As you can see, the type parameter of Comparable is used as the parameter of the compareTo method. Typically, the type argument for T is the same class which is implementing the Comparable interface. This generic setup facilitates comparing instances of the same type with each other. Here's an example:

public class Name implements Comparable<Name> {

    @Override
    public int compareTo(Name other) {
        // compute & return result
    }
}

Now let's say you have a method which should return the maximum of two objects according to their natural order. Such a method could look like the following:

public static <U extends Comparable<U>> U max(U left, U right) {
    return left.compareTo(right) >= 0 ? left : right;
}

Note: Used U as the type variable instead of T to show it is separate from the T used in the Comparable interface.
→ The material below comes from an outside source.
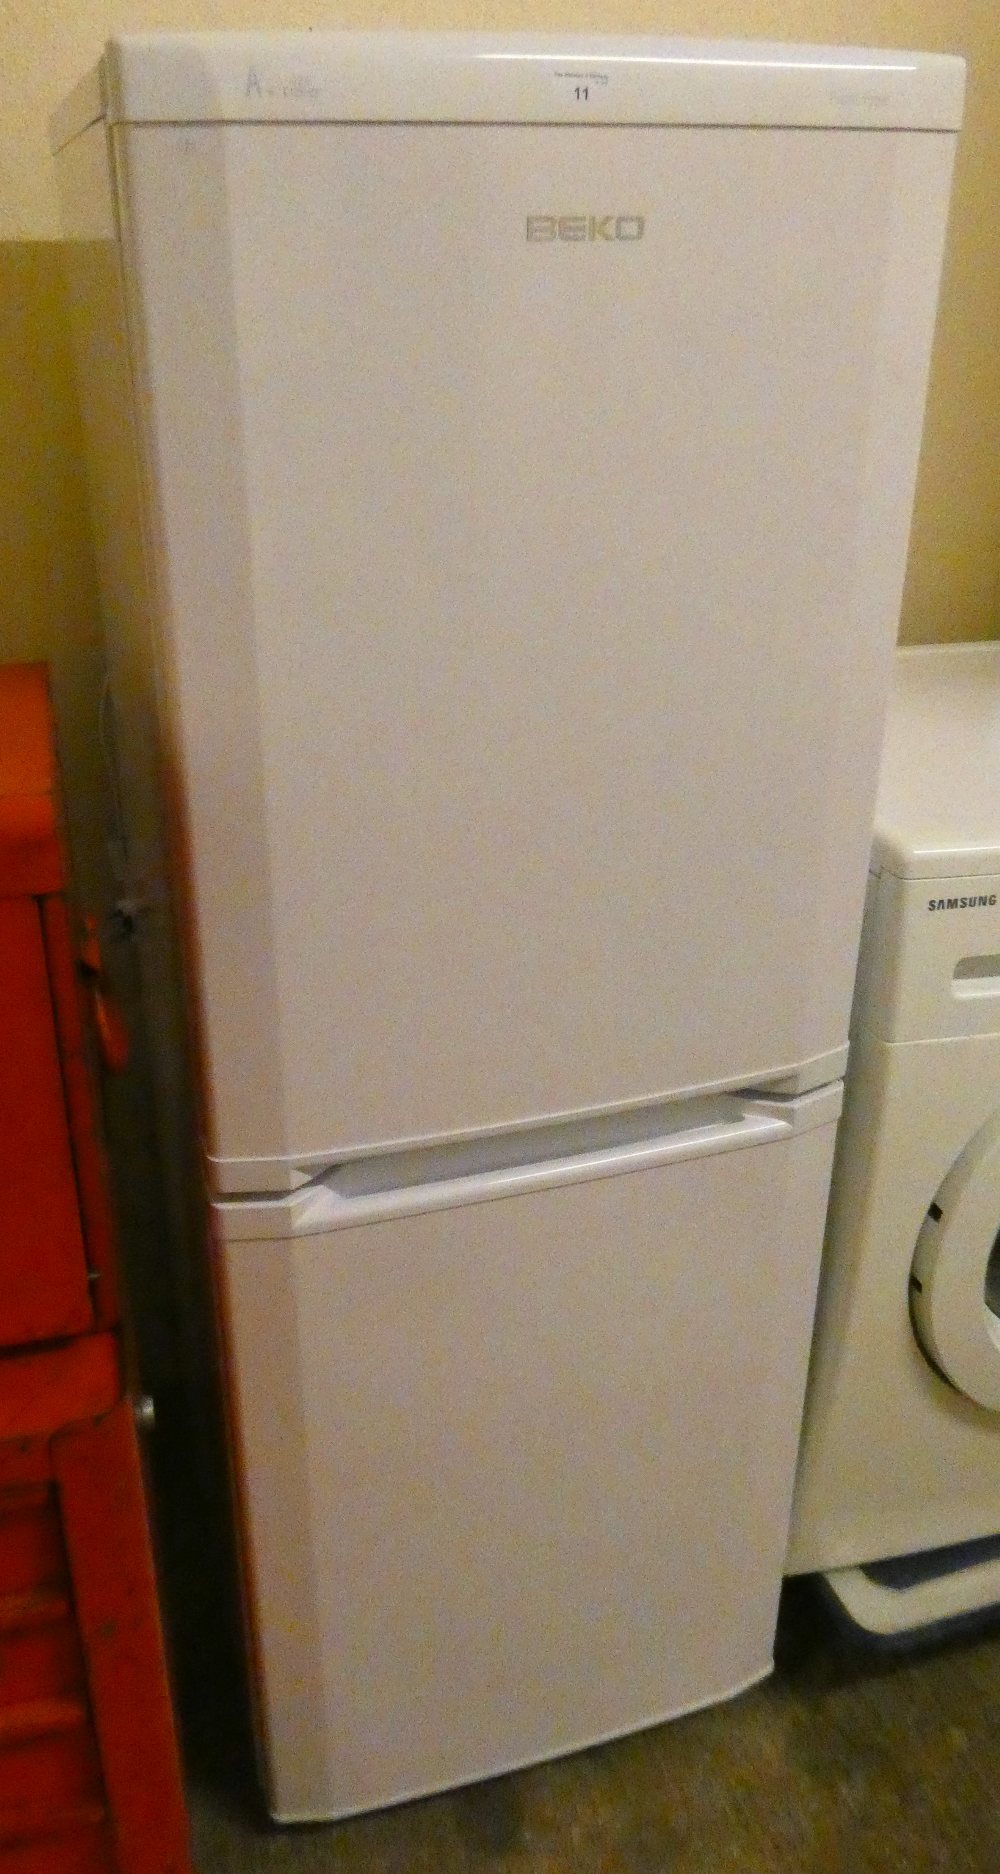 A Beko fridge/freezer CF5533A A+ rated

The above is a generic method. The type variable U is upper-bounded by Comparable<U>. What this means is that the type argument used in place of U must be assignable to (i.e. subtype of) Comparable<U>. For instance, if we use Name as the type argument it will work because Name is assignable to Comparable<Name>. The reason for specifying the upper-bound as Comparable<U> is that the method needs to call compareTo in order to function properly.

Name name1 = ...;
Name name2 = ...;

Name max = max(name1, name2); // U is inferred to be Name

As shown above, having U as the return type also allows assigning the result to a variable of the same type as the arguments.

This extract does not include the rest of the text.